• _What you need to do_:
Print exactly the lines of the listing below from the one containing "Schedule your tour" through the final line, both included, and no pictures.

• _Supplied information_:
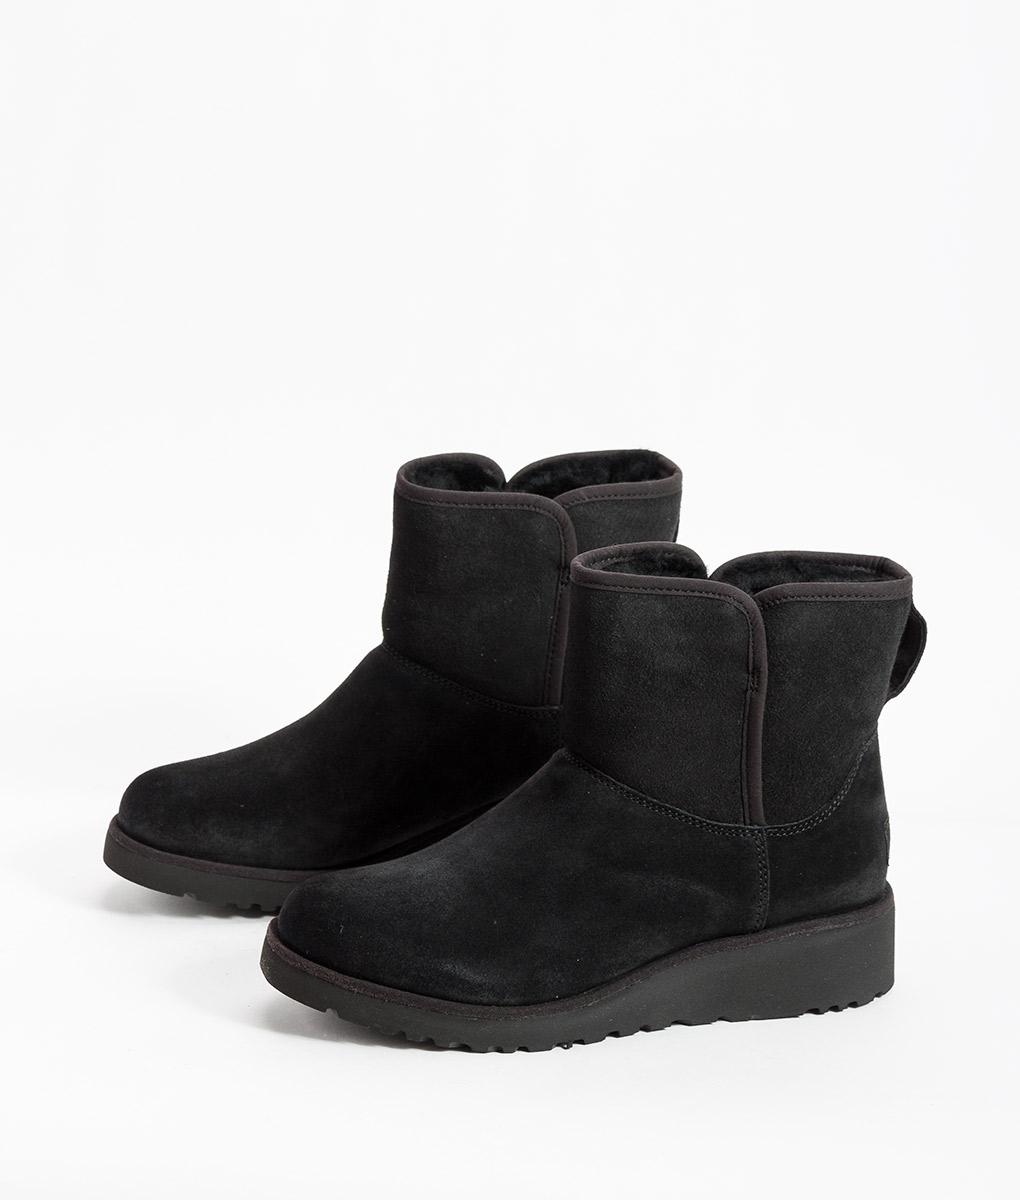 UGG Women Ankle Boots KRISTIN, Black 234.99 2
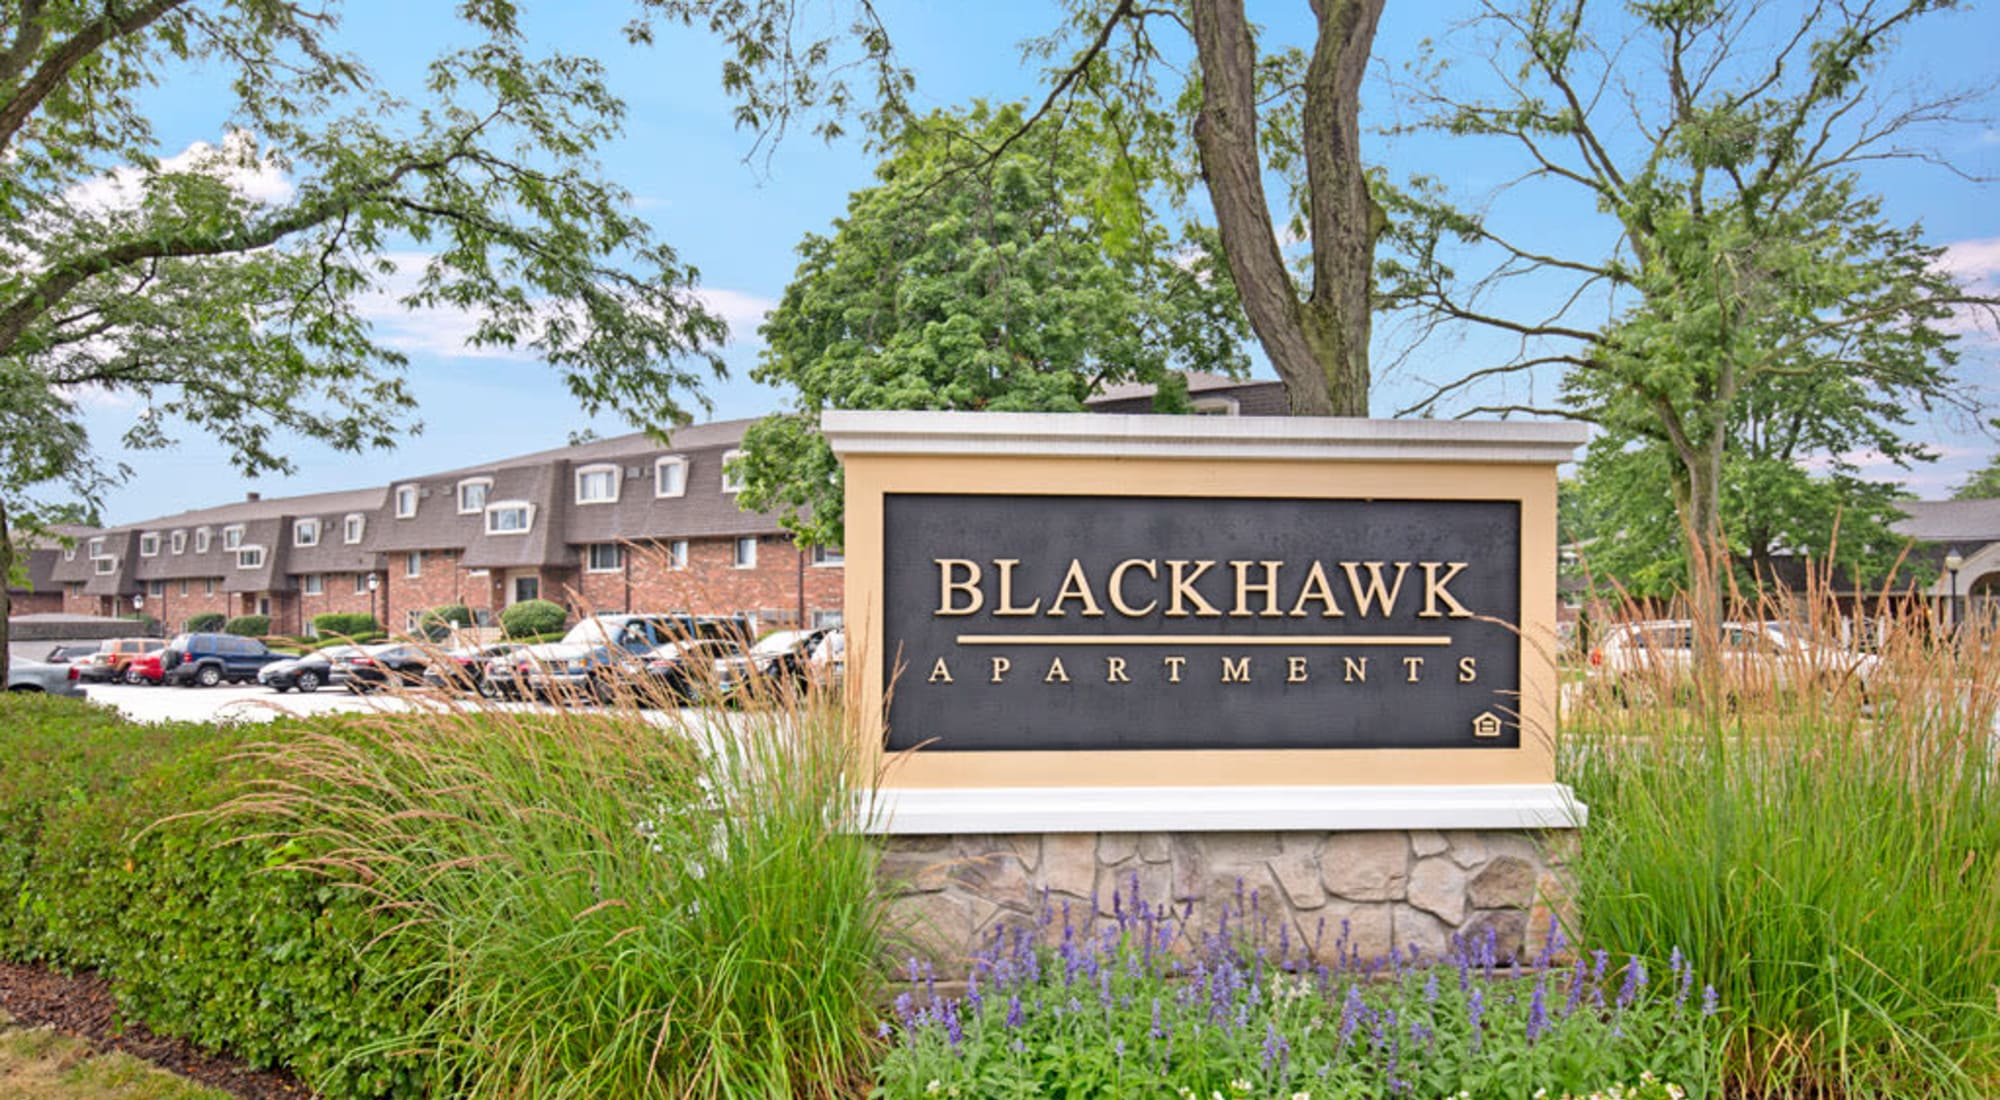 Schedule your tour of Blackhawk Apartments in Elgin, Illinois
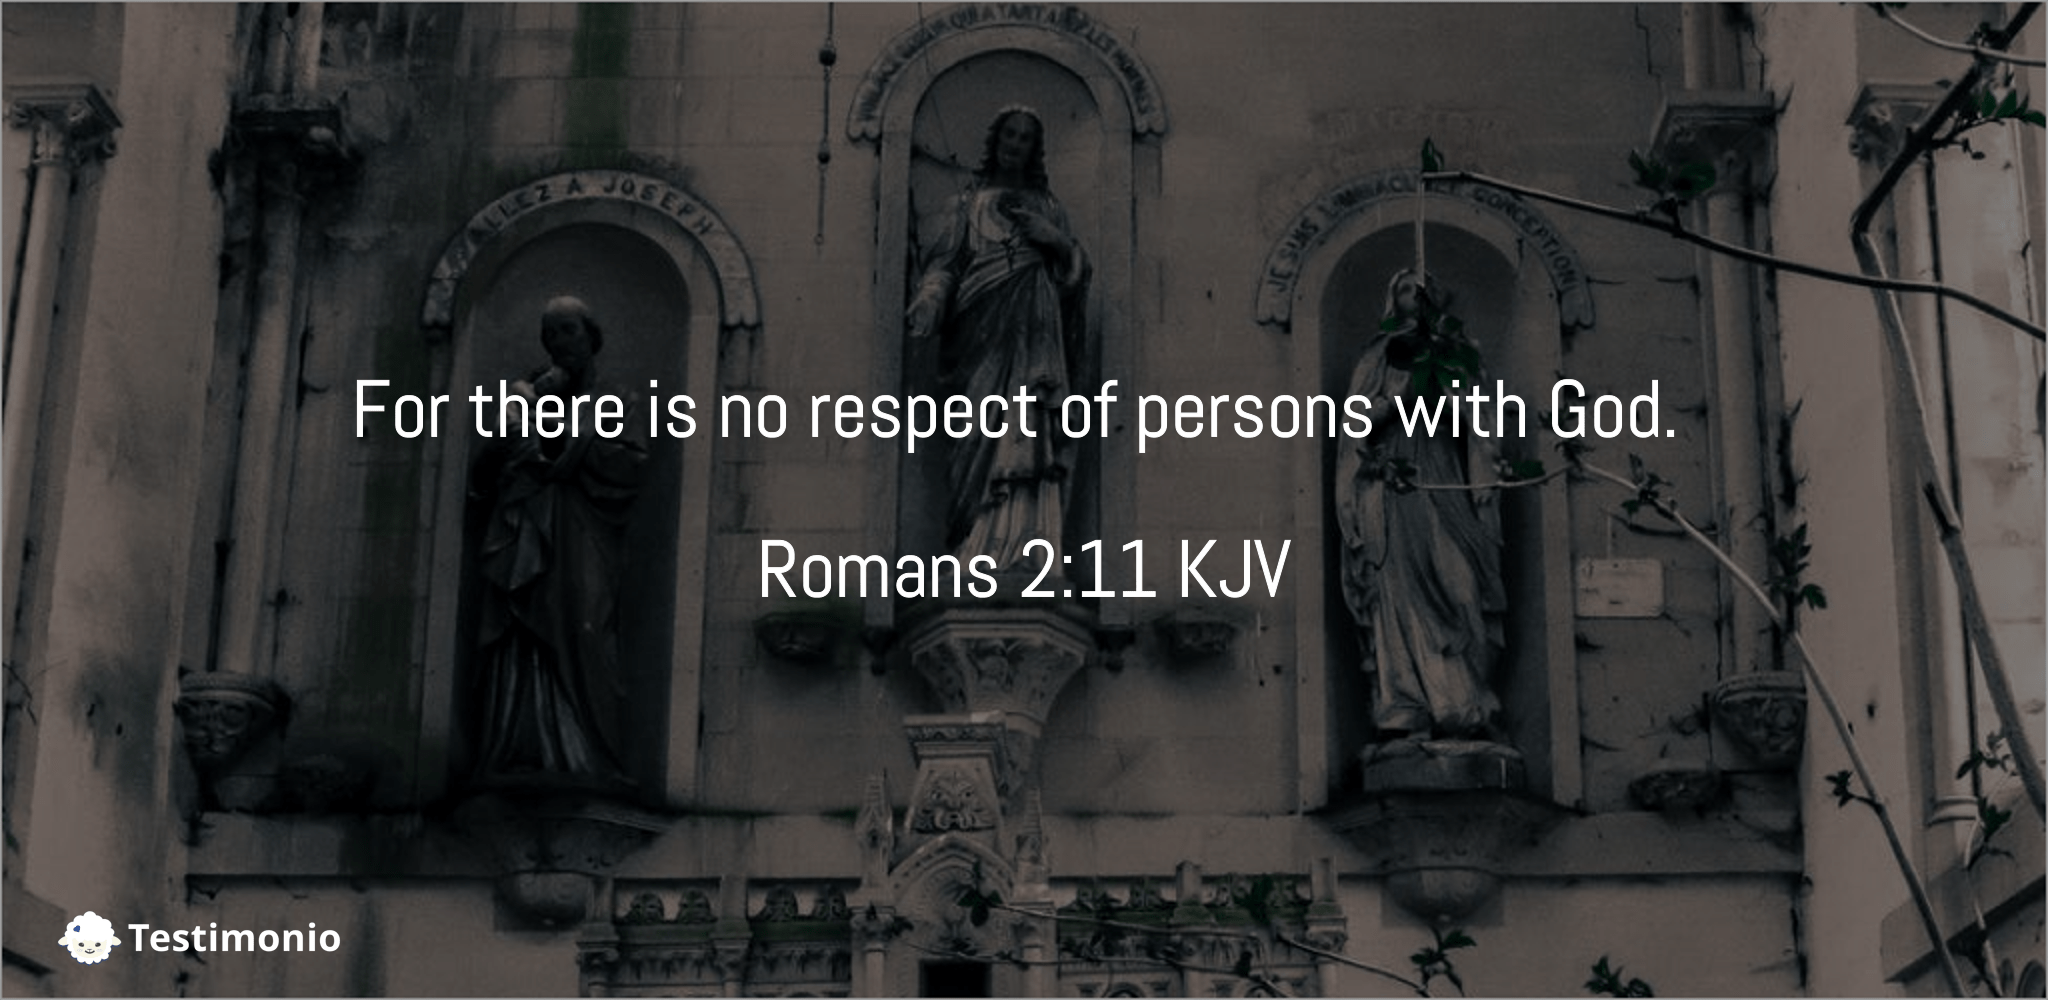 Romans 2:11

• _Exercise output_:
 Schedule your tour of Blackhawk Apartments in Elgin, Illinois
 Romans 2:11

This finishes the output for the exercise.